# Negril.com Message Board Forums > Negril Flashback - Negril throughout the years >  Old Negril Photos

## SANSAN

Came across some old picture of Negril from a website with a collection of photos from Jamaica.
Last one is of the Sundowner.

----------


## Rumlover

Love them!! Who pushed that bus over and why?? I thought it would be there until it rusted away, miss it.

----------


## johng



----------


## stoner5

> 


Now correct me if I am wrong but is not that young bartender Brinsley ? I may have spelt his name wrong. that goes way back.

----------


## Rob

> Now correct me if I am wrong but is not that young bartender Brinsley ? I may have spelt his name wrong. that goes way back.
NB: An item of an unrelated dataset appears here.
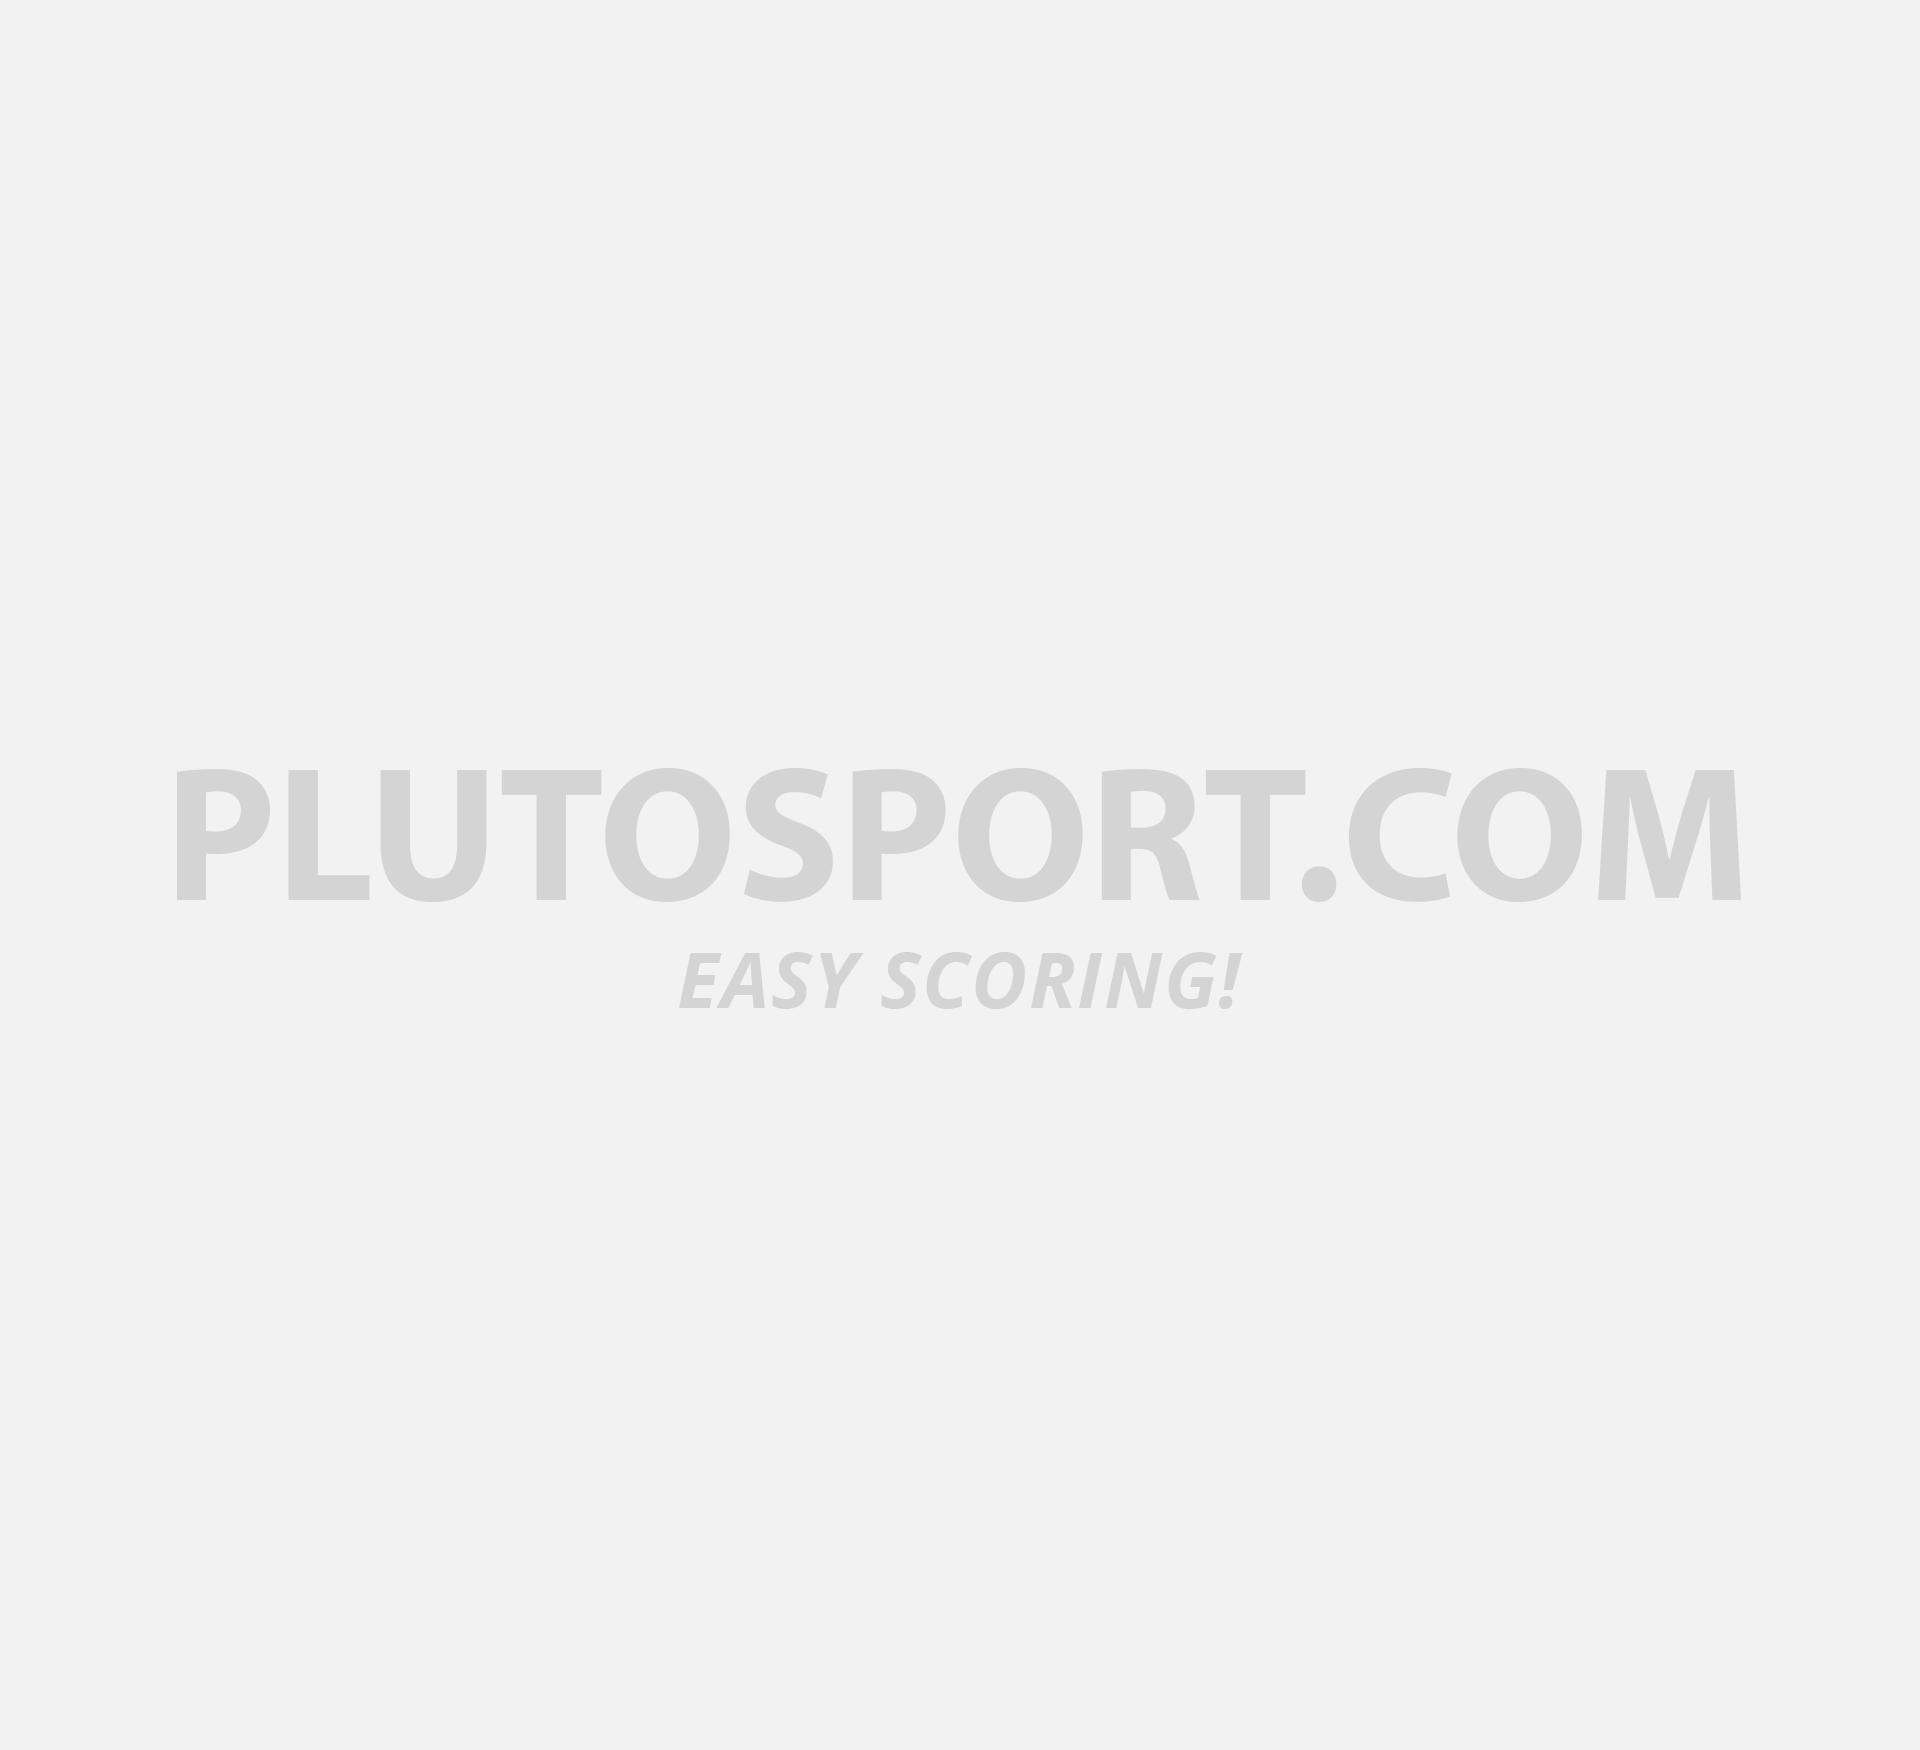 0ad914c7e1 Lacoste Sport Tracksuit - Tracksuits - Clothing - Lifestyle - Sports |  Plutosport
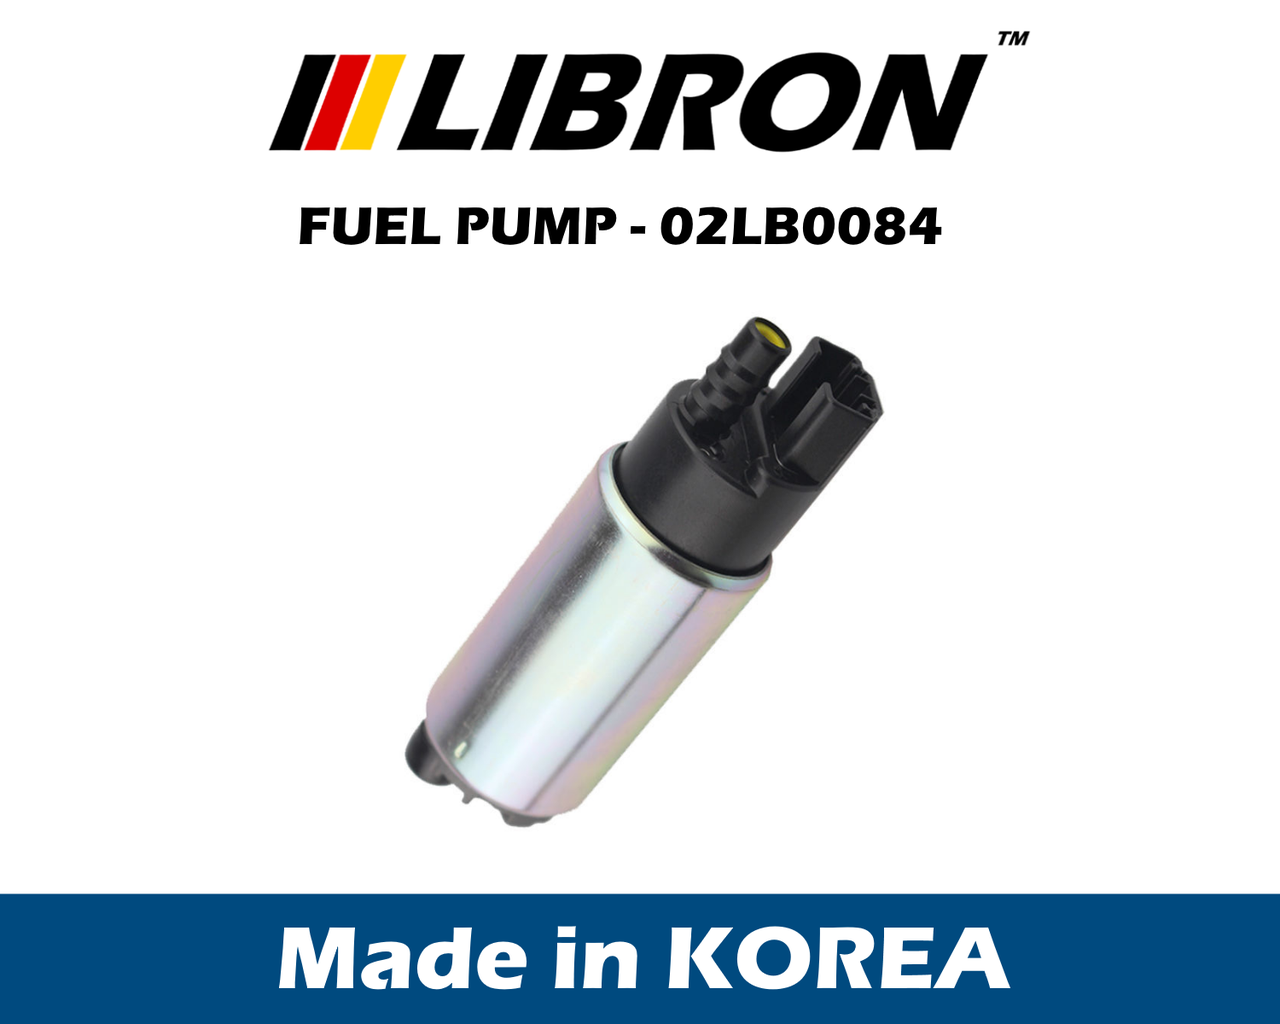 Топливный насос LIBRON 02LB0084 - Мазда MX-5 II

Incredibly close, that is Brimsley!

----------


## stoner5

> Incredibly close, that is Brimsley!


Thanks Rob

----------


## Madtown Lady

Villas Negril? Brimsley!

----------


## johng

Madtown Lady: Brimsley Hall Villas Negril circa 1978-1982. Brimsley was "The Man" at the bar at the Villas. I hope that he lives today!!

----------


## original spanky

We would spend the day at villas negril and have lunch and drinks with Brimsley

----------


## johng

Spanky,
Back when The Villas Negril was happening I was staying at Gloria's Sunset Cottages on Negril Beach. Beautiful spot!! So everyday I would walk into town and stop by the bakery "The Bread Basket" which was located in the shopping center below Villas Negril. I would buy some Coco Breads or a Collaloo patty and head up to the pool at the Villas. I would hang all day around the pool drinking Red Stripes and reasoning with Brimsley. There was another bartender / waiter can't remember his name he had a gold tooth and really long pointed sideburns. Can't remember his name but will never forget his face.

----------